“Very well,” said the girl, in demure tones, though lambent mirth still flickered, golden, in the depths of the brown eyes. “If you persist, I can only suggest that you come back when Judge Ackroyd is here. You won’t find him particularly amenable to humor, particularly when perpetrated by a practical joker in masquerade.”
“Discovered,” murmured Average Jones. “I shouldn’t have vaunted my poor French. But must I really take my little friends all the way back? You suggested to the mystic voice within that I might be invited inside.”
“You seem a decidedly unconventional person,” began the other with dawning disfavor.
“Conventionality, like charity, begins at home,” he replied quickly. “And one would hardly call this advertisement a pattern of formal etiquette.”
“True enough,” she admitted, dimpling, and Average Jones was congratulating himself on his diplomacy, when the querulous voice broke in again, this time too low for his ears.

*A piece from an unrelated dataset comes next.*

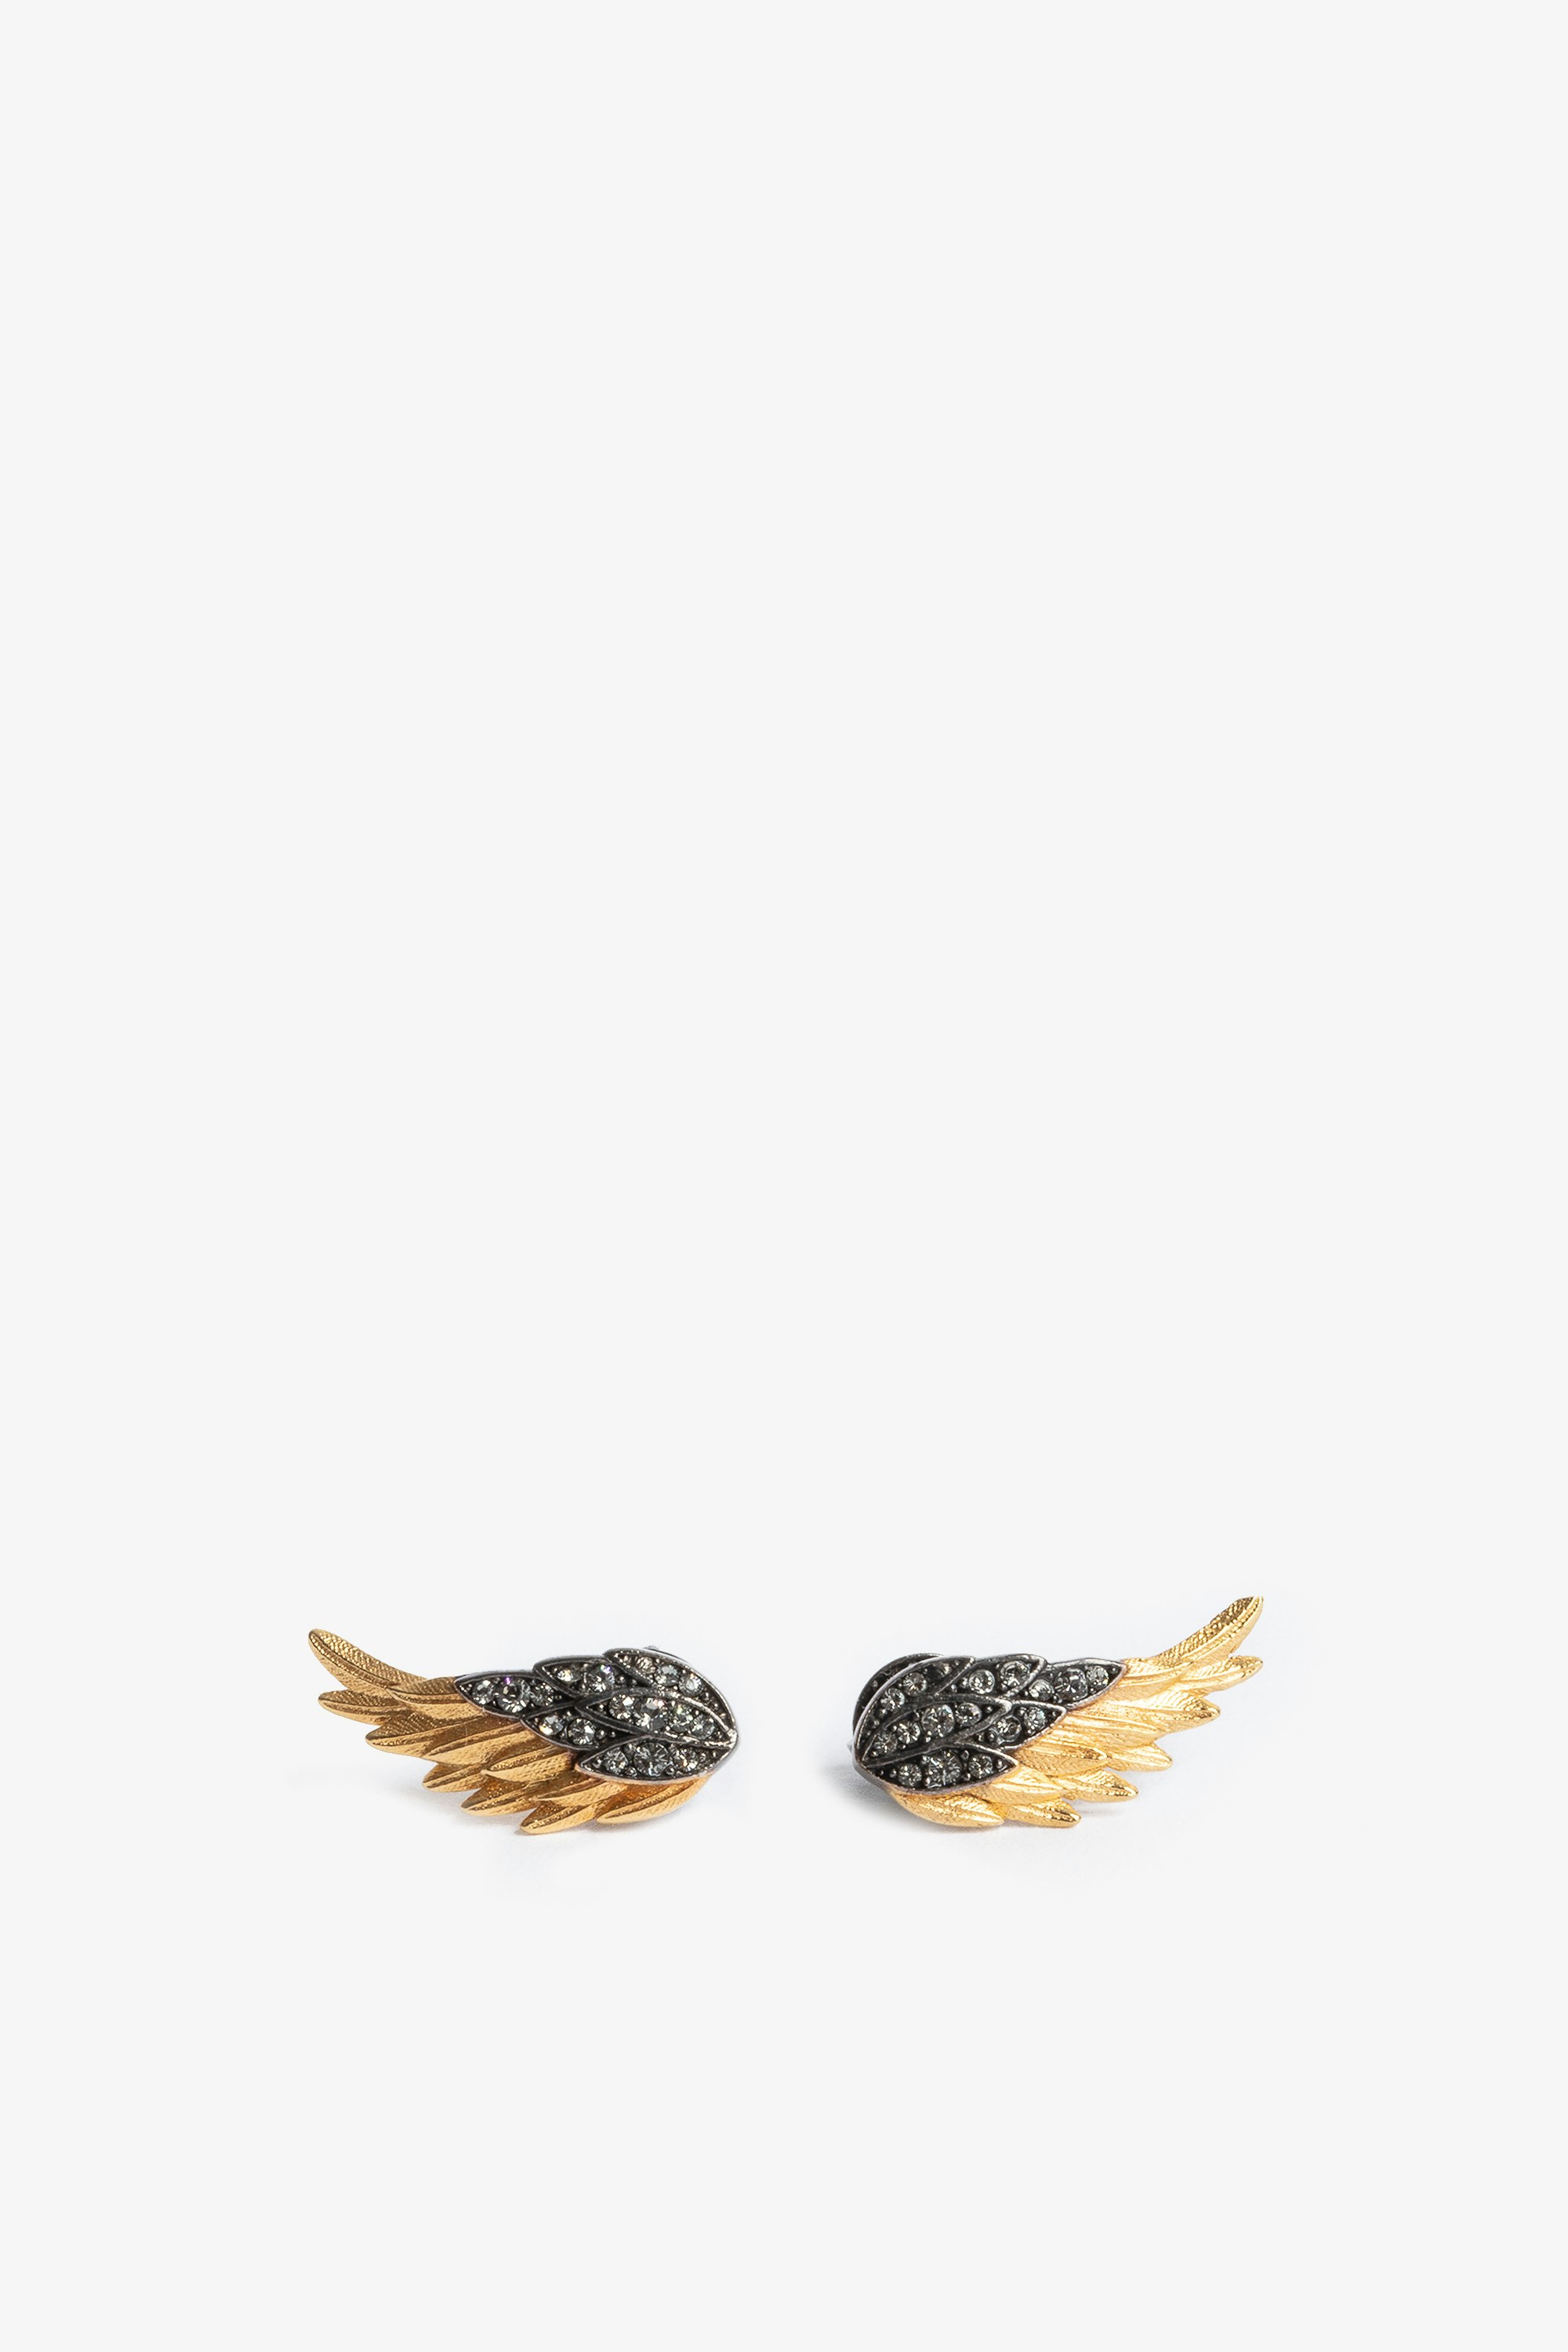 Rock Feather Earrings - Blackened and gold-tone brass crystal-embellished wings earrings.

“I don’t ask you the real reason for your extraordinary call,” pursued the girl with a glint of mischief in her eyes, after she had responded in an aside, “but auntie thinks you’ve come to steal my dog. She thinks that of every one lately.”
“Auntie? Your dog? Then you’re Sylvia Graham. I might have known it.”
“I don’t know how you might have known it. But I am Sylvia Graham—if you insist on introducing me to yourself.”
“Miss Graham,” said the visitor promptly and gravely, “let me present A.V.R.E. Jones: a friend—”
“Not the famous Average Jones!” cried the girl. “That is why your face seemed so familiar. I’ve seen your picture at Edna Hale’s. You got her ‘blue fires’ back for her. But really, that hardly explains your being here, in this way, you know.”